In a subsequent interview with ABC News, Page said he “didn’t want to be a spy” and was “not a spy.” He told ABC he only shared “basic immaterial information and publicly available research documents” with Podobnyy.
Page apparently never disclosed his encounter with Podobnyy to the Trump campaign. He invoked Navy confidentiality rules yet again in an exchange with CNN’s KFILE:
“There’s an old saying we had when I served in the Navy: we do not discuss the presence or absence of nuclear weapons aboard specific ships, submarines, or aircraft,” Page wrote to CNN.
“Basically, similar principles also apply for any federal investigations that I may or may not have provided support to during my life — both whatever may have happened a few years ago and anything that might be ongoing more recently,” Page added. “It’s unfortunate that some people may take steps to betray these principles, but certainly no one on the Trump campaign ever asked me to do so.”

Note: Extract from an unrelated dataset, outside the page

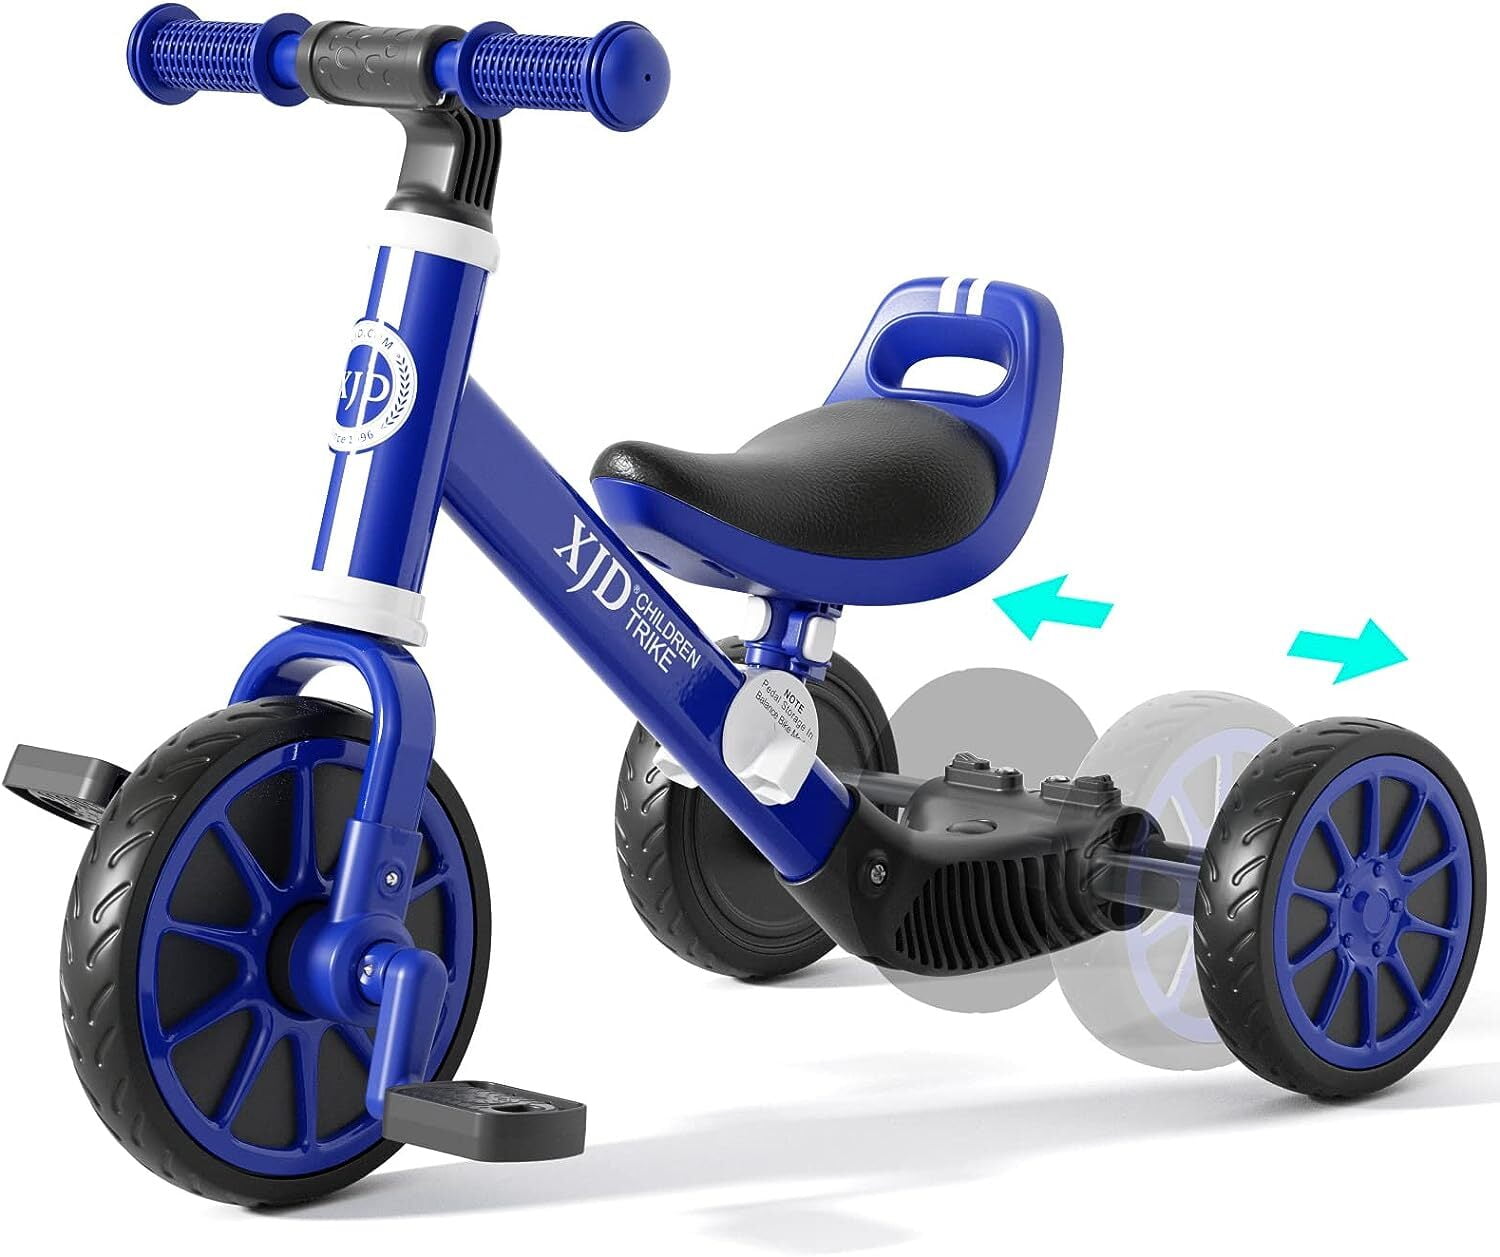 XJD 5 in 1 Toddler Bike for 1-5 Years Old Boys Girls Tricycles for ...

Cooperation with federal investigators
In his September 2016 letter asking Comey for a “prompt end” to the FBI’s inquiry into his Moscow trip, Page said he had “not been contacted by any member of your team in recent months.” He seems to have stuck to that line until February.
Asked by PBS “Newshour” Judy Woodruff if he was “cooperating with any federal investigators” looking into Russia’s interference in the U.S. election or had been asked by the FBI to “answer questions,” Page said no.
“I have never been asked by anyone in the FBI or any of the other agencies over the last year,” he said.
CNN’s Tapper noted Wednesday that Page stopped using that line in March.
“I have no comment,” Page said when asked if he’d been “interviewed by them or questioned by them in any way.”
“Is it fair to assume from that that you have now talked to the FBI and you are just declining to comment because now the facts have changed?” Tapper pressed.
“Well, I have been very forthcoming that I want to get as much information out there as possible, and that has stood from the very beginning,” Page replied.